Reduction of automobile emissions

Statistics by the United States Environmental Protection Agency (EPA) show that the transportation sector is responsible for about 14% of the total Global Emissions of greenhouse gases, which is a very significant percentage. If employees work from home, then the need to travel to and from their workplace every other day as well as other business trips are reduced considerably. While this may not eliminate the emissions from the transport sector altogether, it reduces the percentage. As indicated in the example above, a move to work from home by more businesses and industries cuts down automobile emissions to as much as those from an entire state.
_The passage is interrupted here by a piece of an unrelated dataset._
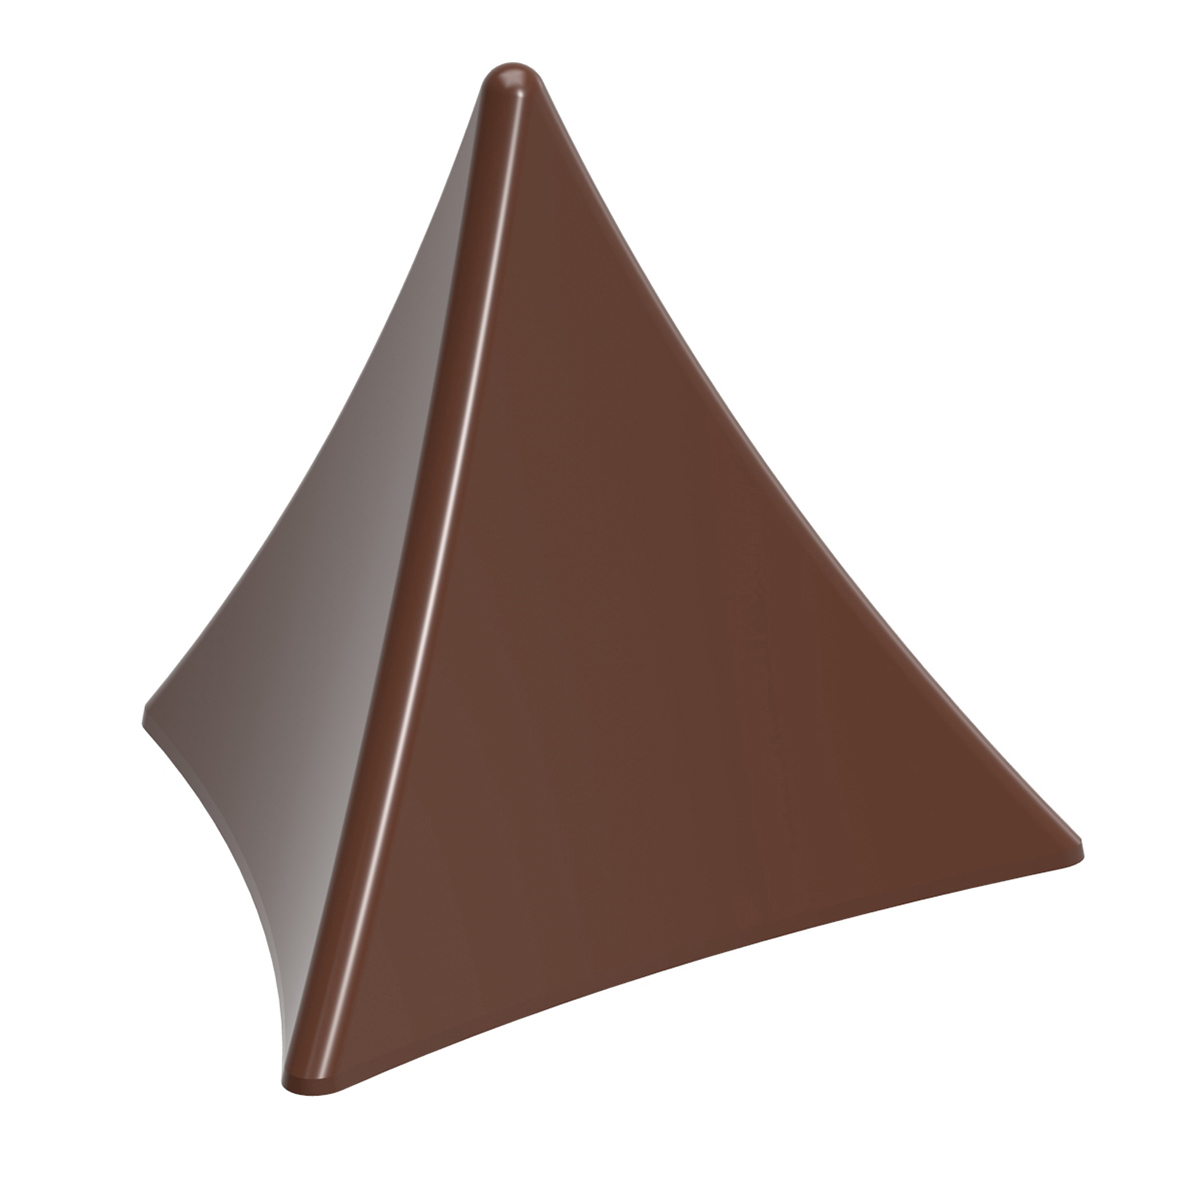 Se Professionel chokoladeform i polycarbonat - Praline Pyramid - Frank Haasnoot CW1951 hos BageTid.dk

Reduction of energy production and consumption

According to Eurostat, electricity, gas, steam and air conditioning accounted for as high as 26% of the Greenhouse gas emissions from the EU in 2014. EPA stats are also close at 25% of the total emissions. This makes energy production the single largest source of emissions. Working from home eliminates the need for large office spaces, which in turn reduces the need for electricity and heating. Similarly, the need for electrical office equipment and supplies, such as printers and computers, is also greatly reduced, which reduces the emissions from energy production in offices. Additionally, most households are now adopting green methods of energy production and implementing better ways of energy usage. The use of smart energy-efficient appliances also goes a long way in reducing the energy production and consumption levels from households. This, in turn, cuts down emissions from energy production from both the home and office fronts.

Reduced need for paper

Paper is also a huge source of emissions, considering that it is a carbon-based product. EPA stats show that carbon (IV) oxide from fossil fuel and industrial processes accounts for 65% of the total greenhouse gas emissions. Working from home is usually an internet-based operation, which means less paper and more cloud-based services. When everything is communicated electronically, the need for office paper is reduced considerably. Moreover, the cutting down of trees for the sake of paper production reduces. All these outcomes help reduce the emissions and individual carbon footprints.

Effective recycling

While businesses make an effort to recycle it is not as effective as homeowners. Consider everything from the water you drink to office supplies and equipment. While working from home, you have greater control over your environment. This means that you can easily implement proper recycling procedures. However, at the office, that control over your personal space and environment is taken away and the effectiveness of recycling techniques is reduced. Working from home is, therefore, a great way to go green and increase the adoption of proper recycling.

Takeaway

Even though the statistics are in favor of working from home to reduce emissions, note that this is dependent on the reduction of emissions from home. If the households are not green, then the emissions are not reduced in the least. For instance, if instead of installing a VPN in the router to keep the home office safe, an employee buys a standalone server and air gaps it, the energy consumption is not reduced but increased. Therefore, it is necessary that employees working from home go green if there is to be any hope of using this method of operation to cut down on the emissions.